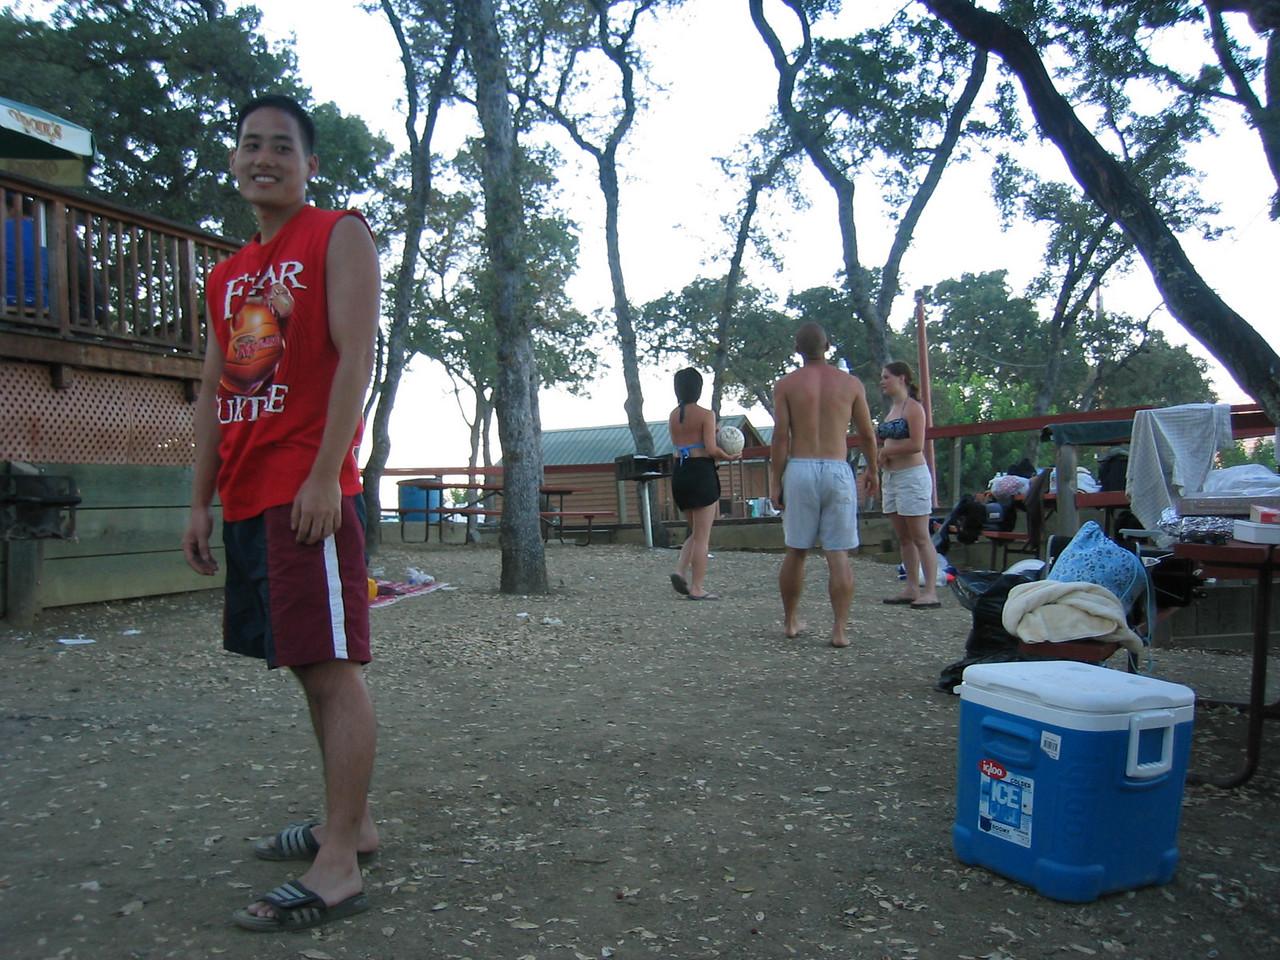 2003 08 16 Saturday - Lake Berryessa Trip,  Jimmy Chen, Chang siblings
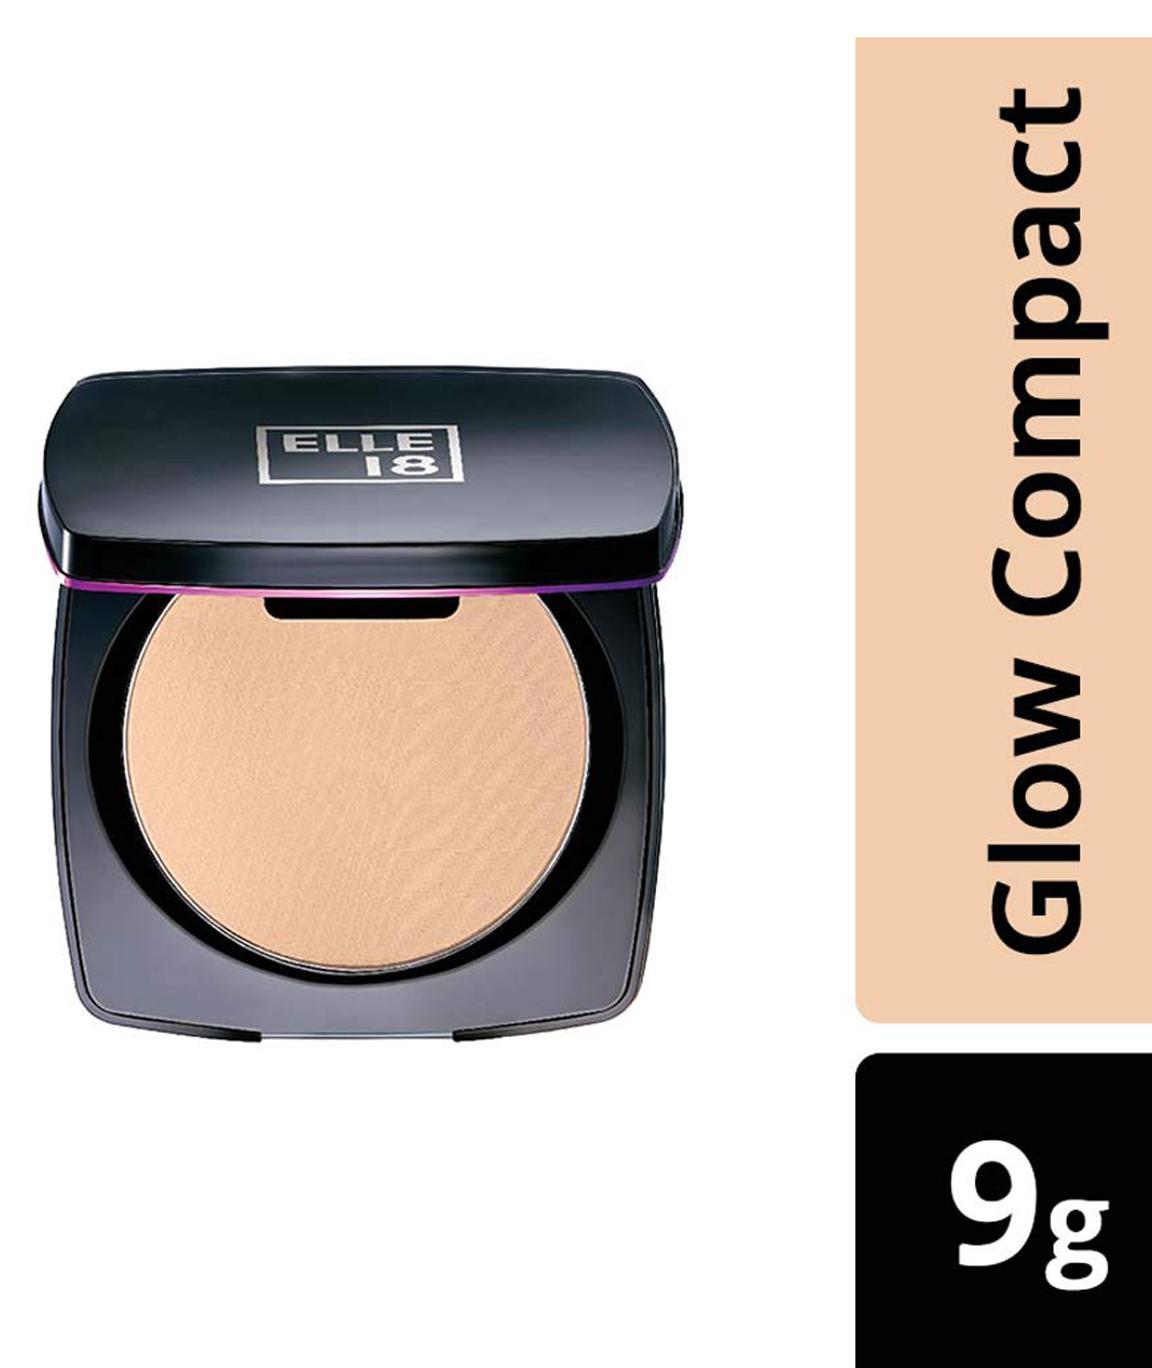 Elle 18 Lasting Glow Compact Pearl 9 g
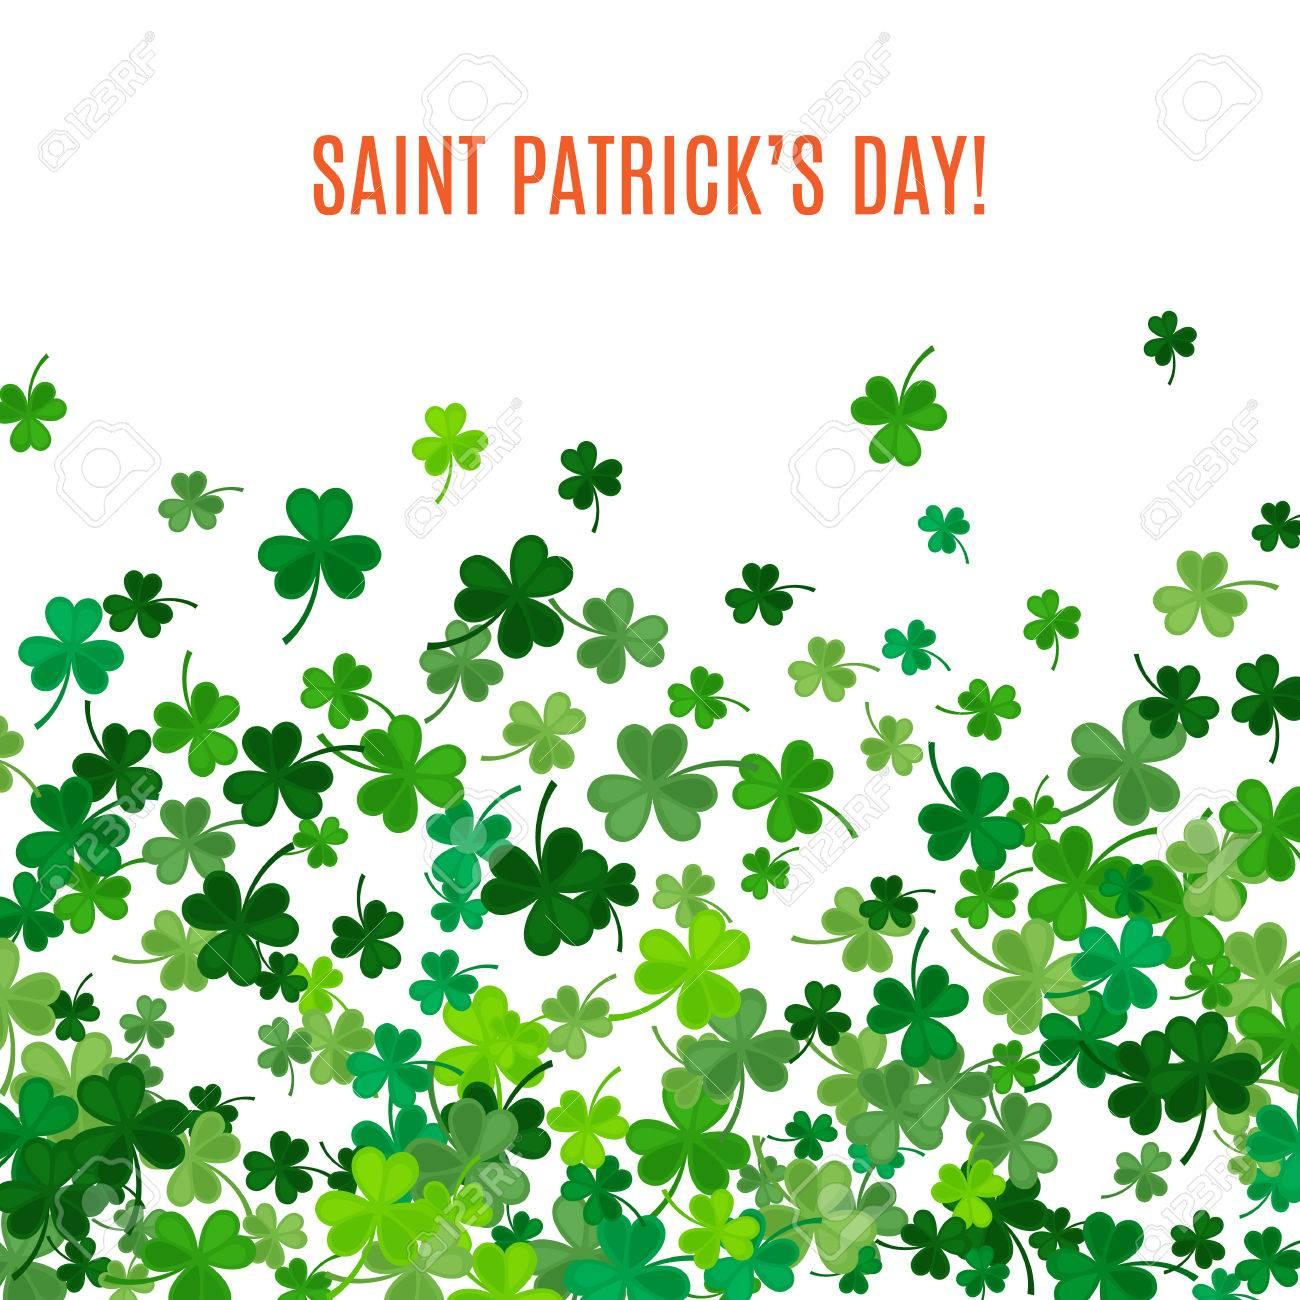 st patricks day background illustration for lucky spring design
▬▬▬▬▬▬
### [Work to complete]
Where an image appears in the data, skip it, and return the rest verbatim.

### [Response for this exercise]
 2003 08 16 Saturday - Lake Berryessa Trip,  Jimmy Chen, Chang siblings
 Elle 18 Lasting Glow Compact Pearl 9 g
 st patricks day background illustration for lucky spring design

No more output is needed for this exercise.